Branislav Vićentić (; born July 5, 1971) is a Serbian basketball coach and former player.

Playing career 
Vićentić played for Yugoslav teams OKK Beograd, Bobanik and Beobanka. In 1998, he moved to Poland where he played for AZS Lublin for two seasons. After stint in Poland, he moved to Lokomotiv-Kuban, and later to UNICS.

In 2002, Vićentić signed for Bulgarian team Yamolgaz '92 Yambol. Later he moved to CSKA Sofia. During 2005–06 season he played for Apollon Limassol of the Cyprus League. In 2006, Vićentić came back to Serbia and spent one season playing for Mega Ishrana before retirement in March 2007.

Coaching career 
Vićentić was a coach for Crvena zvezda youth selections before got promoted to an assistant coach for Crvena zvezda. He coached the Mega Vizura youth selections from 2012 to 2014.

In December 2013, Vićentić was hired as the under-16 and under-18 Bahrain national team basketball coach. He left the program in August 2014

In November 2015, Vićentić signed for Bosnian team Radnik Bijeljina. He resigned in April 2018.

In June 2018, he became the head coach for OKK Beograd of the Basketball League of Serbia. OKK Beograd and Vićentić mutually parted ways after a successful season.
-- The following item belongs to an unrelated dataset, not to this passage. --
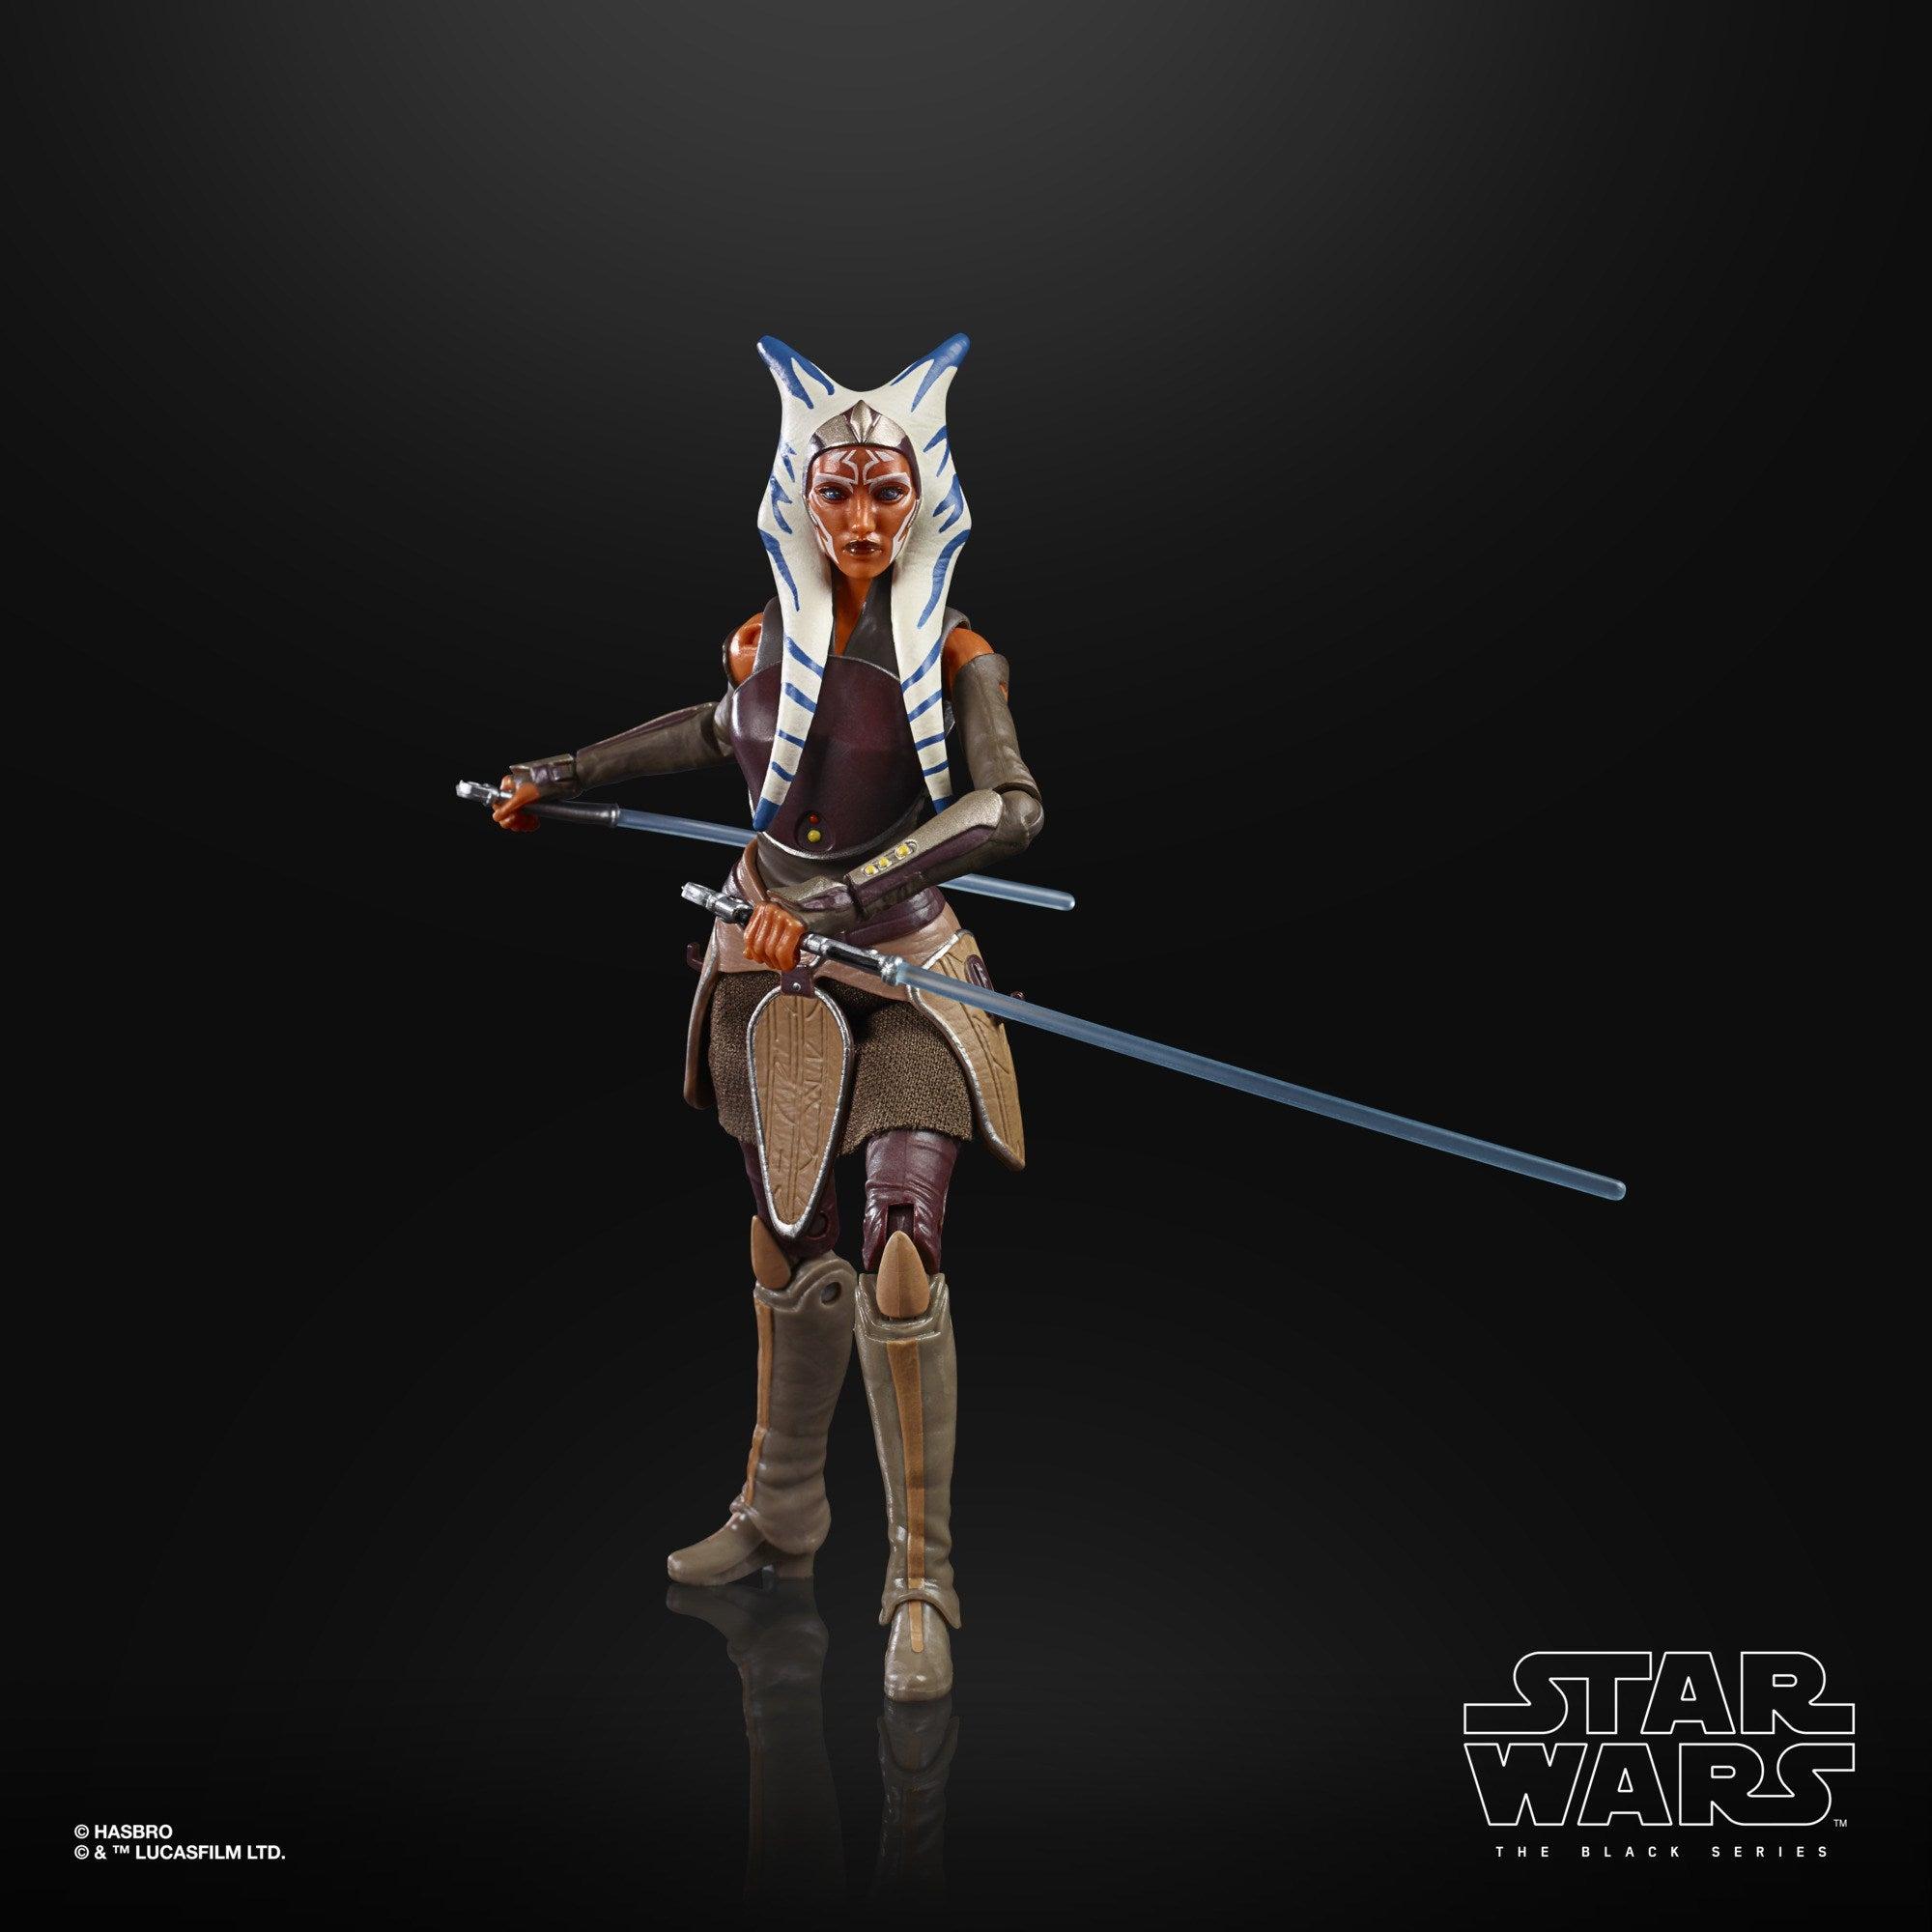 Image of Star Wars The Black Series Rebels Ahsoka Tano 6-Inch Action Figure - SEPTEMBER 2020
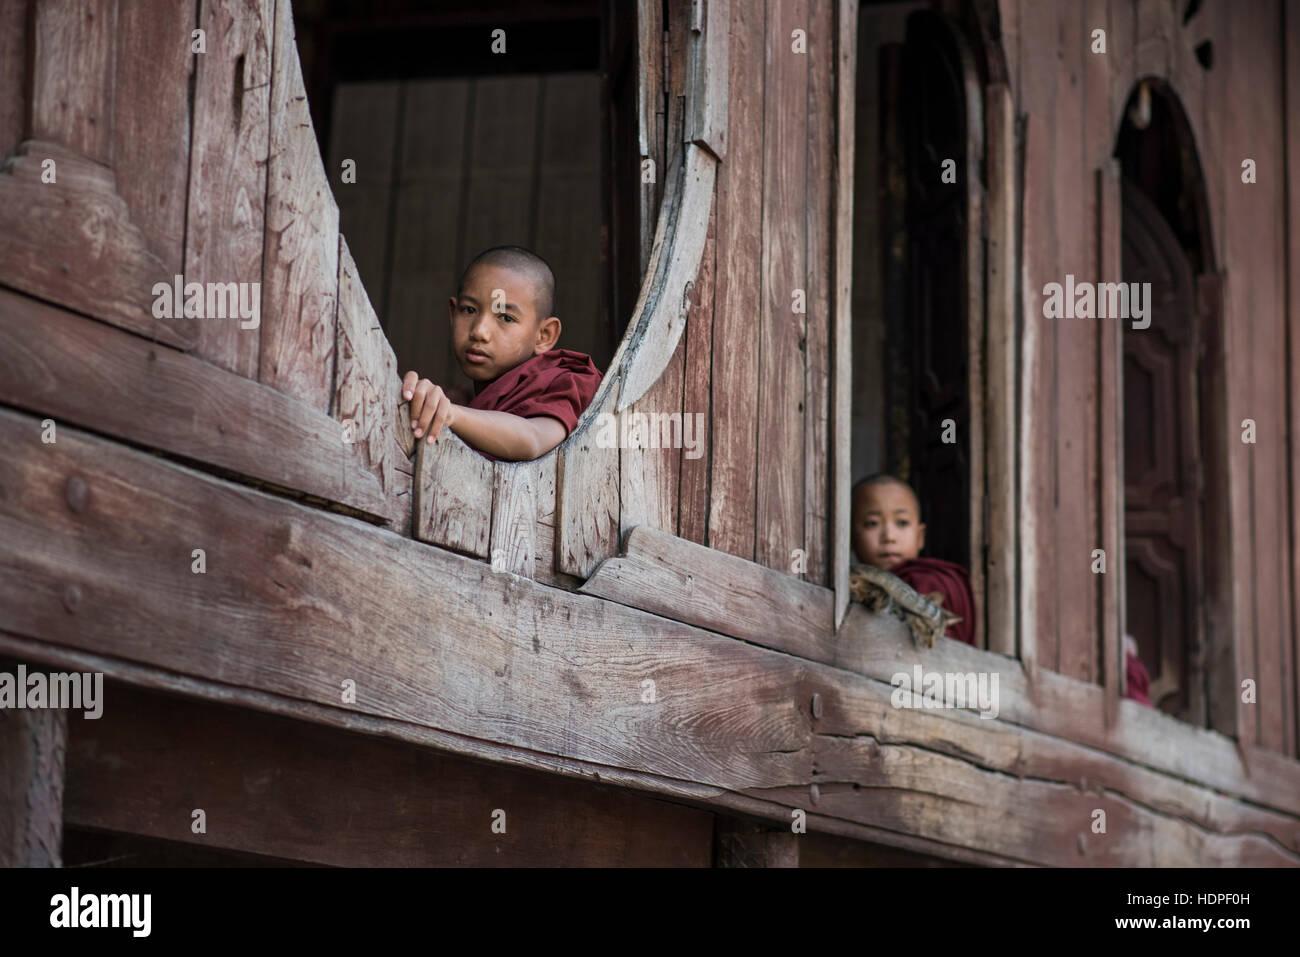 Les moines bouddhistes novice au monastère en bois de Shwe Yan Pyay à Nyaungshwe, Myanmar. Photo Stock

In June 2020, Vićentić became a head coach for San-en NeoPhoenix of the Japanese B.League.

Career achievements 
As player
 Yugoslav Cup winner: 1 (with OKK Beograd: 1992–93)
 Bulgarian Cup winner: 1 (with CSKA Sofia: 2004–05)

References

External links
 Coach Profile at eurobasket.com
 Player Profile at balkanleague.net
 Player Profile at eurobasket.com

1971 births
Living people
Apollon Limassol BC players
Basketball players from Belgrade
Basketball League of Serbia players
BC CSKA Sofia players
BC UNICS players
BC Yambol players
KK Beobanka players
KK Crvena zvezda assistant coaches
KK Crvena zvezda youth coaches
KK Mega Basket players
KK Radnik Bijeljina coaches
KK Sloga players
OKK Beograd coaches
OKK Beograd players
San-en NeoPhoenix coaches
PBC Lokomotiv-Kuban players
Serbian men's basketball coaches
Serbian men's basketball players
Serbian expatriate basketball people in Bahrain
Serbian expatriate basketball people in Bosnia and Herzegovina
Serbian expatriate basketball people in Bulgaria
Serbian expatriate basketball people in Cyprus
Serbian expatriate basketball people in Poland
Serbian expatriate basketball people in Russia
Serbian expatriate basketball people in Japan
Serbian expatriate basketball people in Estonia
Power forwards (basketball)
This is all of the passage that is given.